#### Data provided:
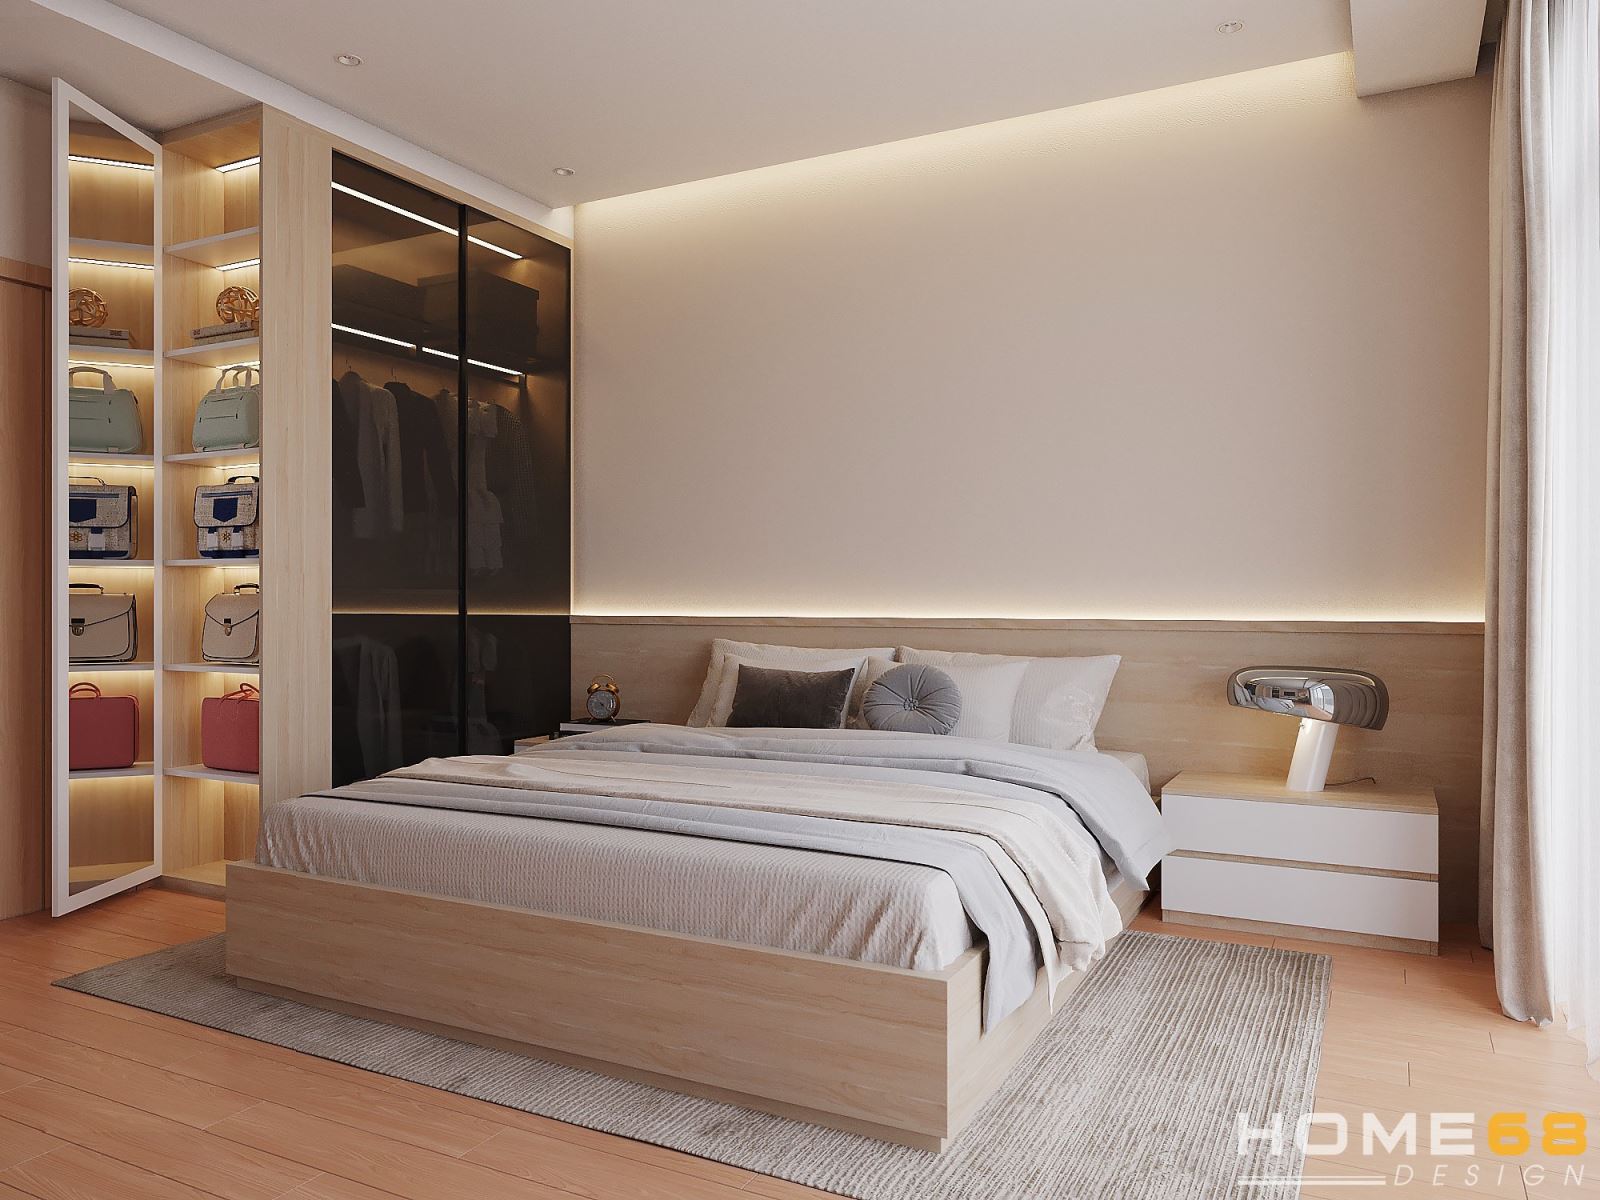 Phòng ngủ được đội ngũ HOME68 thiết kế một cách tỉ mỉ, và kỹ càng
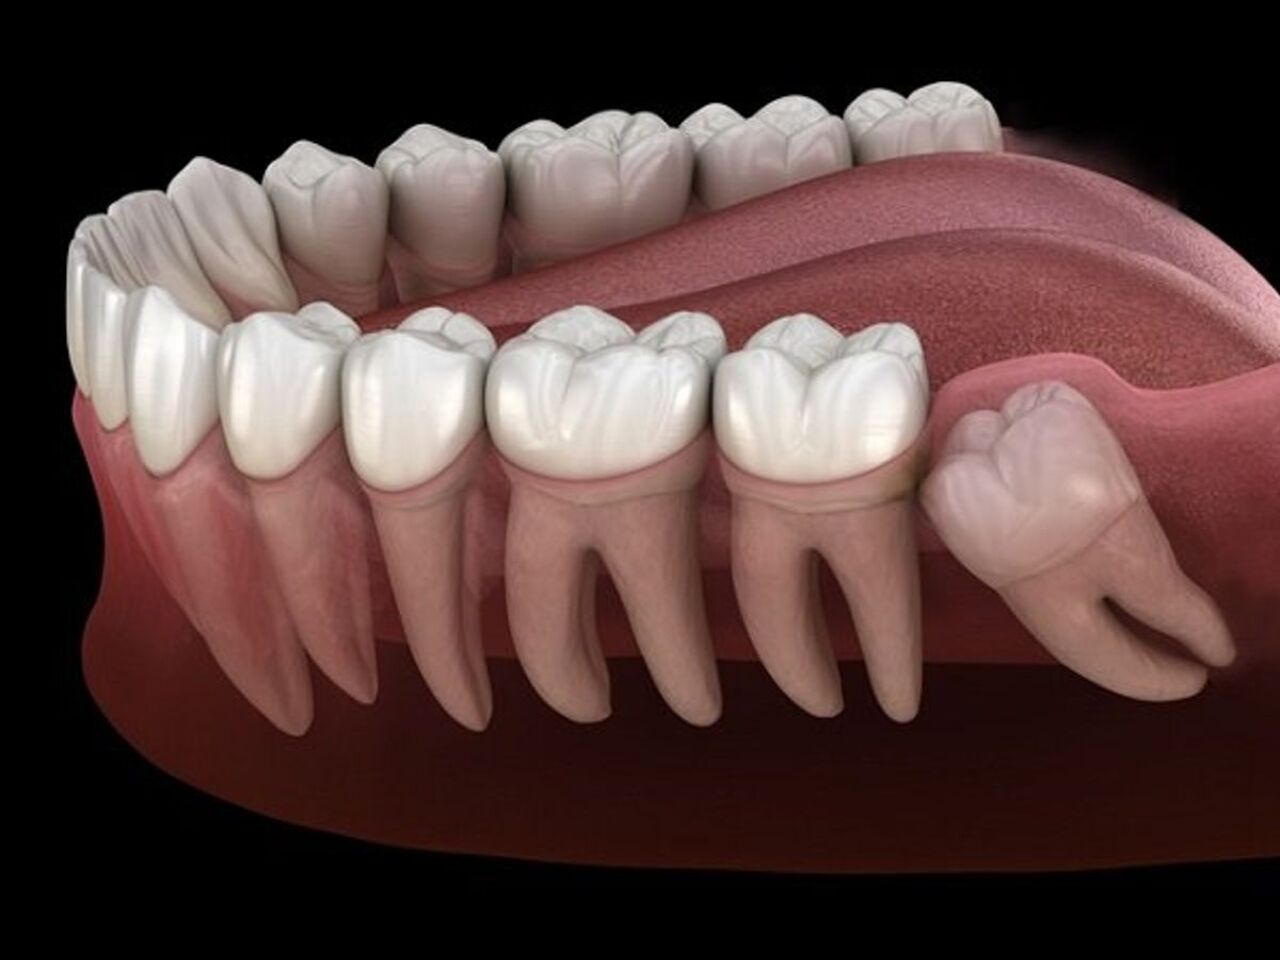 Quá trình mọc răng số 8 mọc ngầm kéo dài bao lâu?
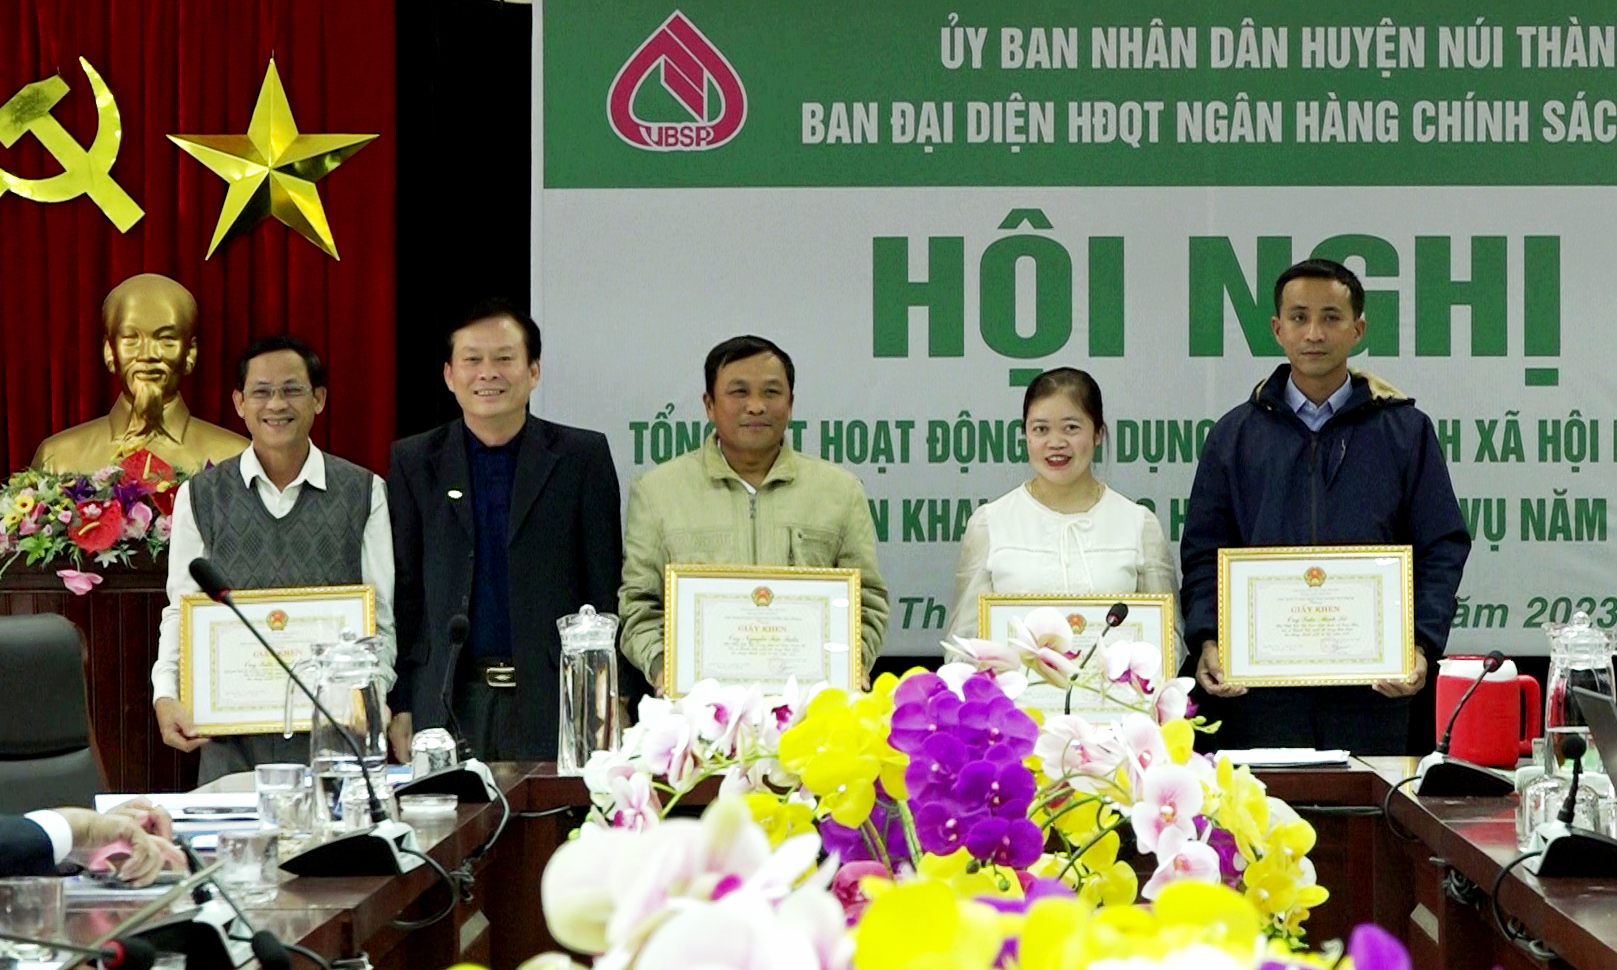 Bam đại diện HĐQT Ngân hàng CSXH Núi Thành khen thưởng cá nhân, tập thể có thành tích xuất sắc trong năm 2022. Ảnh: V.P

#### What is needed:
Restate the data word for word without pictures.

#### Finished task:
 Phòng ngủ được đội ngũ HOME68 thiết kế một cách tỉ mỉ, và kỹ càng
 Quá trình mọc răng số 8 mọc ngầm kéo dài bao lâu?
 Bam đại diện HĐQT Ngân hàng CSXH Núi Thành khen thưởng cá nhân, tập thể có thành tích xuất sắc trong năm 2022. Ảnh: V.P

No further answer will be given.